## PROBLEM REQUIREMENTS:
Which lines run from the one containing "Lexus-LF-30-Concept-66" through the end of the data? Write them out exactly, with the pictures left out.

BEGIN DATA SECTION

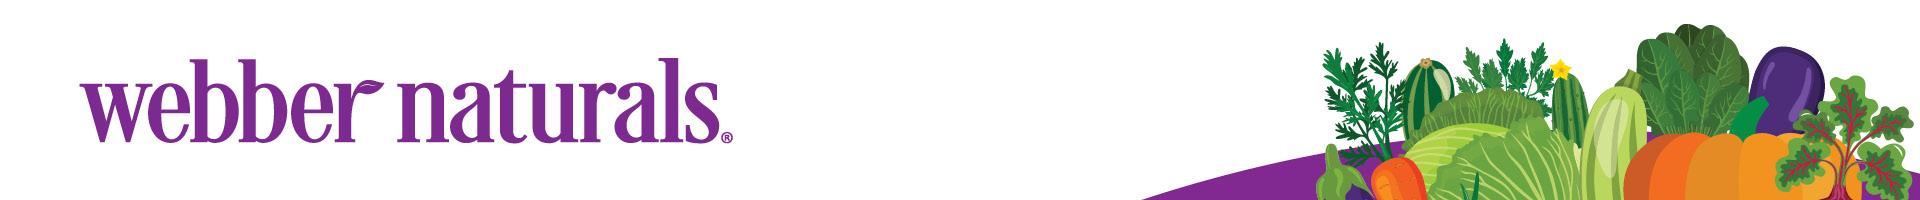 baner-revita-NF%20s%20dostavka_1920x200_1.jpg
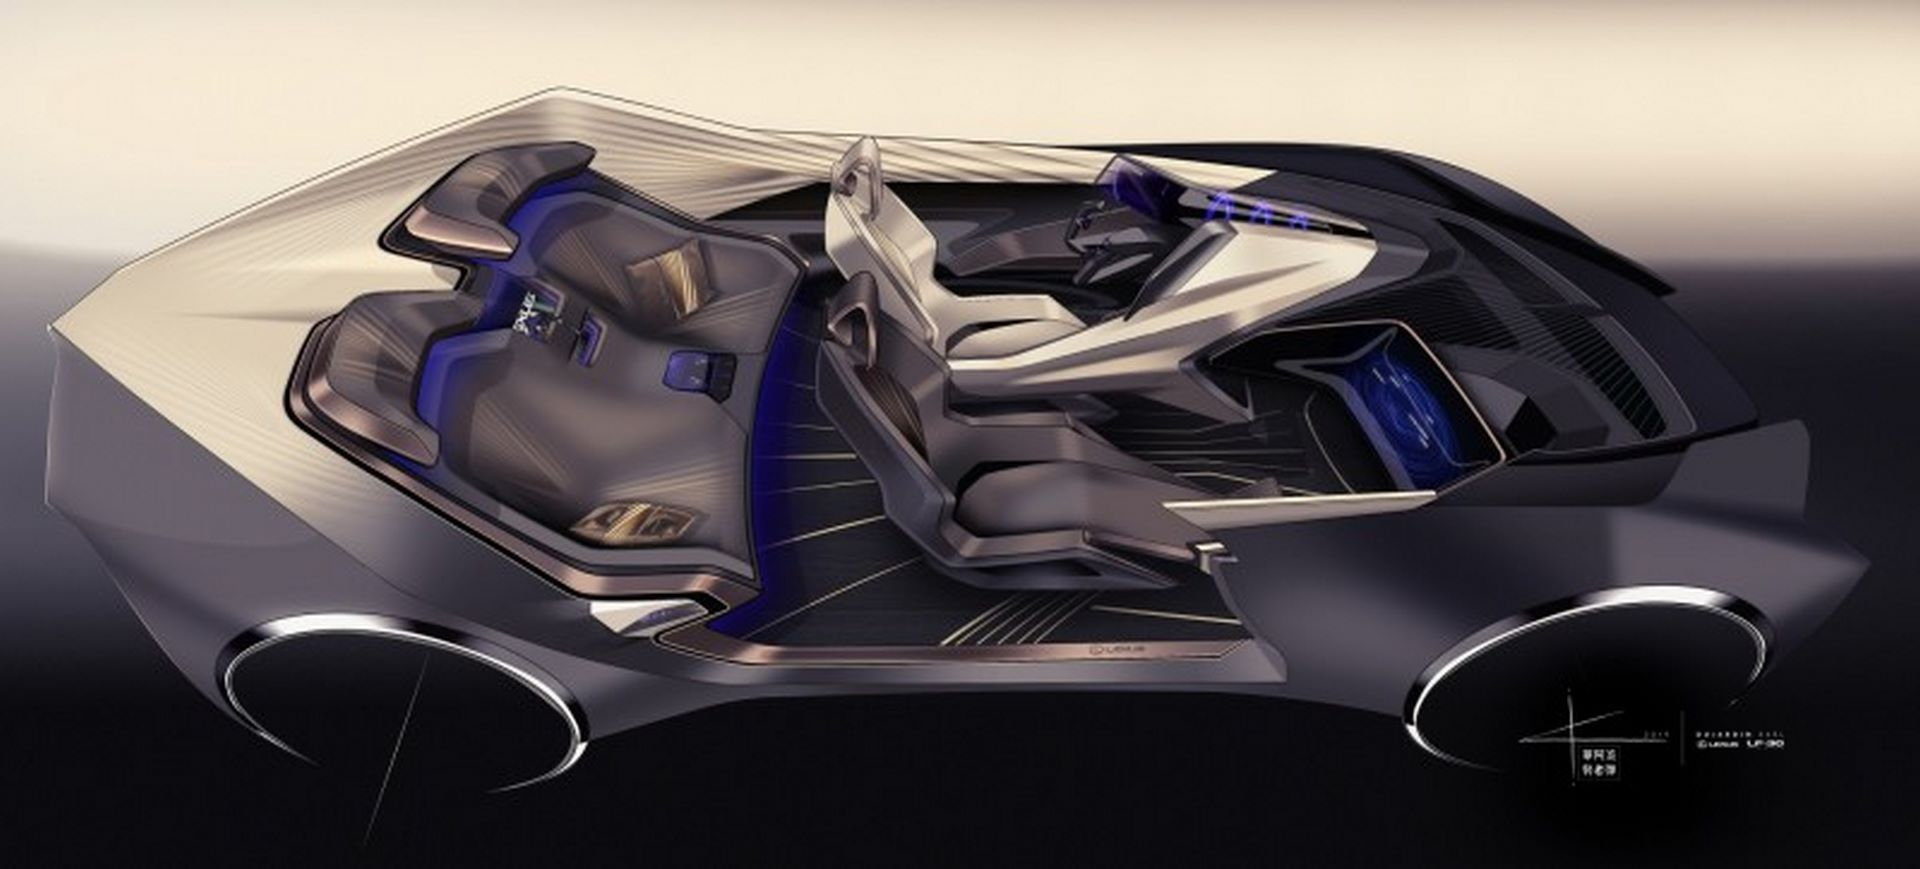 Lexus-LF-30-Concept-66
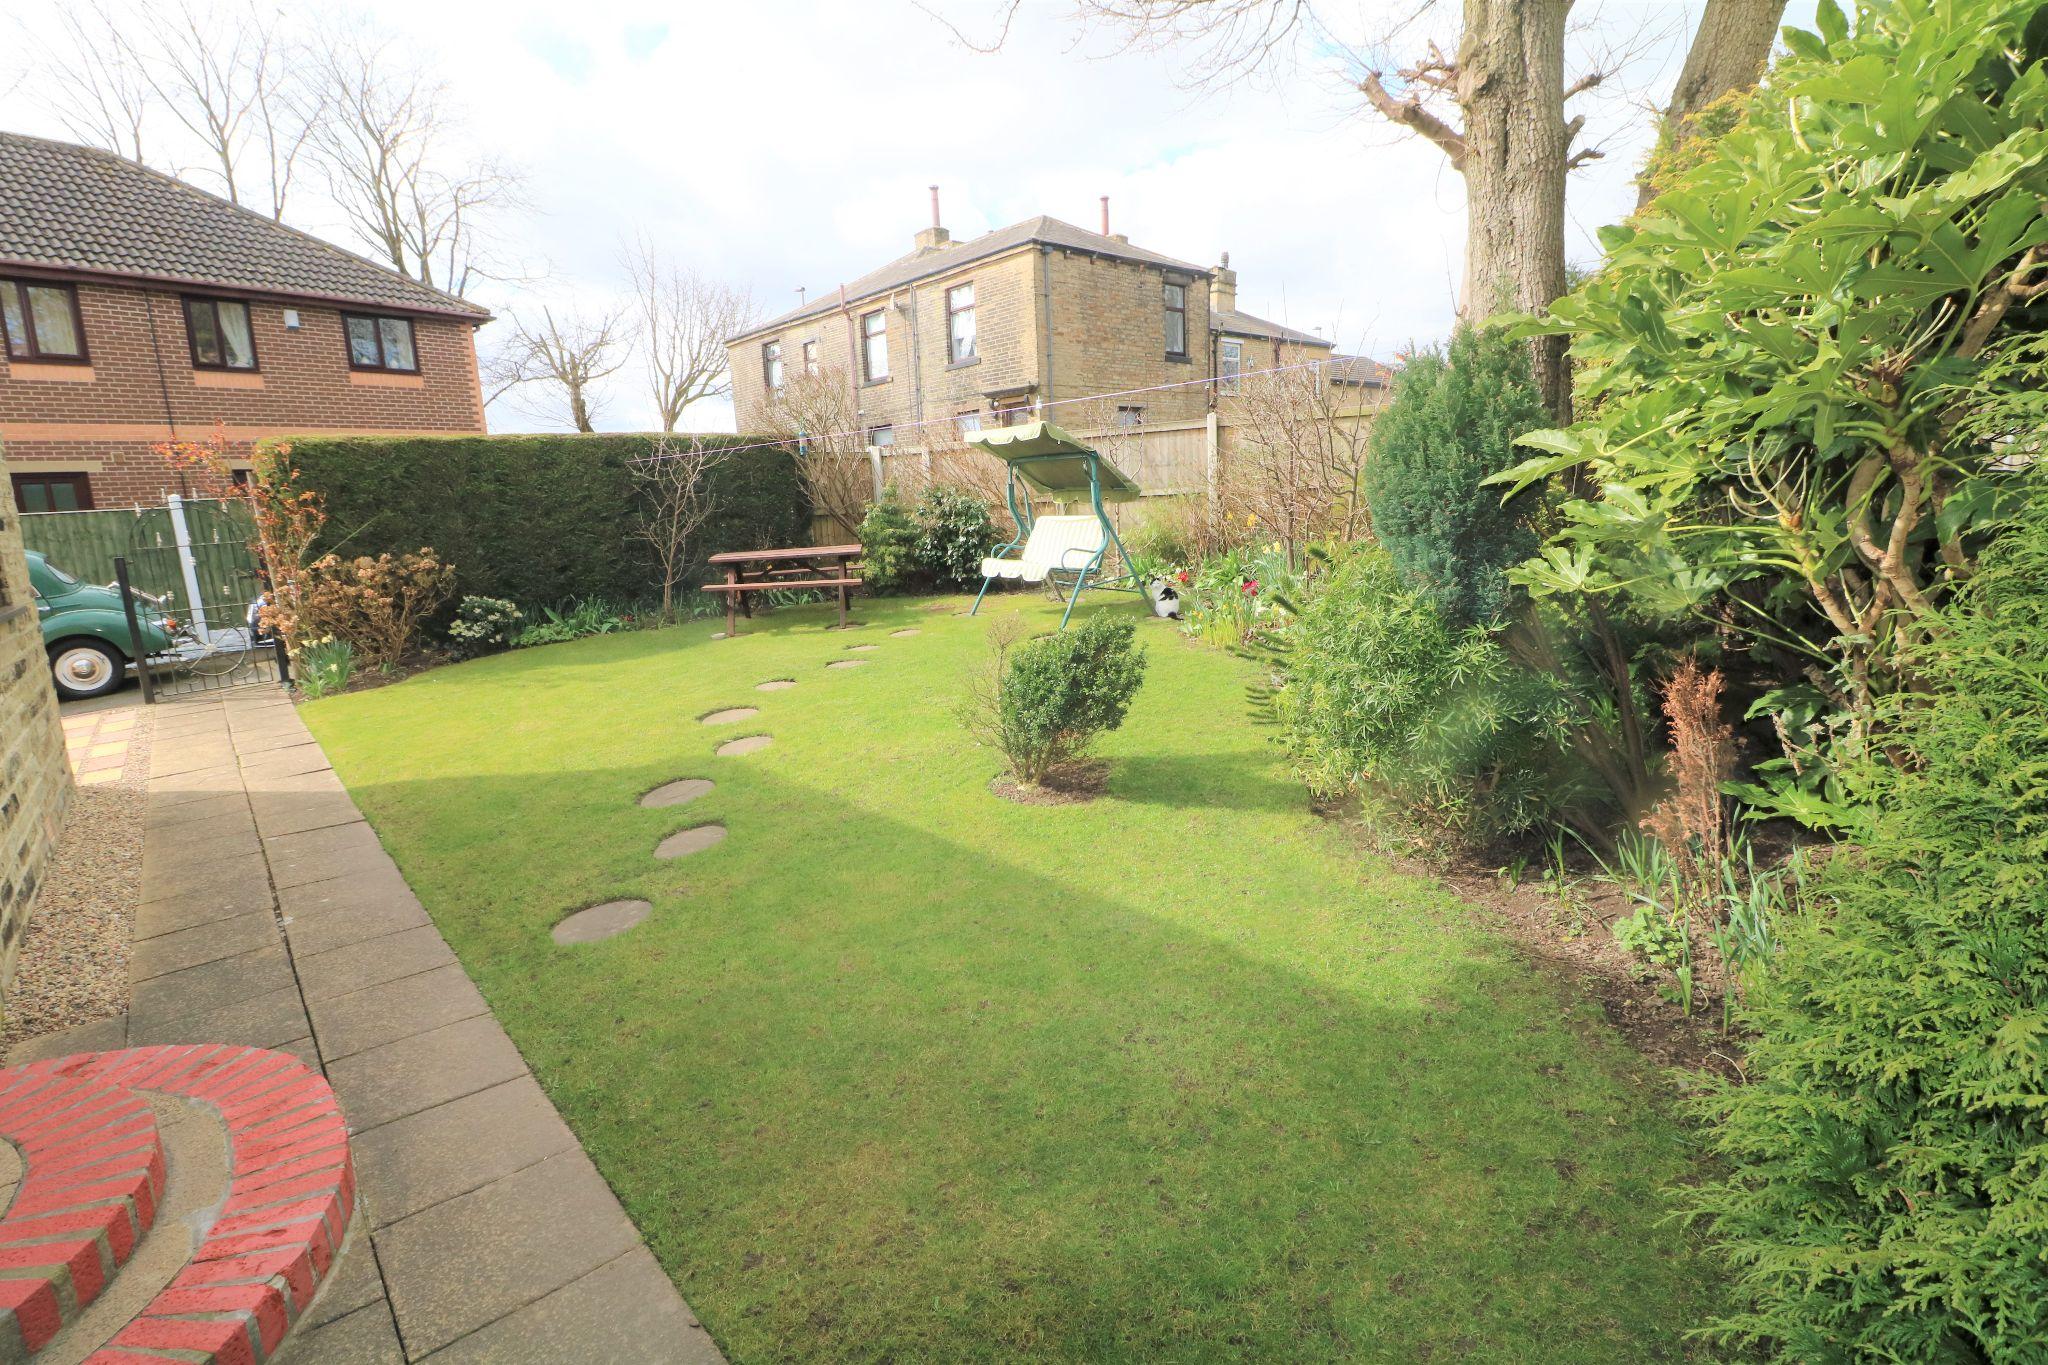 3 Bedroom Detached House For Sale - Garden

END DATA SECTION

## TASK OUTPUT:
 Lexus-LF-30-Concept-66
 3 Bedroom Detached House For Sale - Garden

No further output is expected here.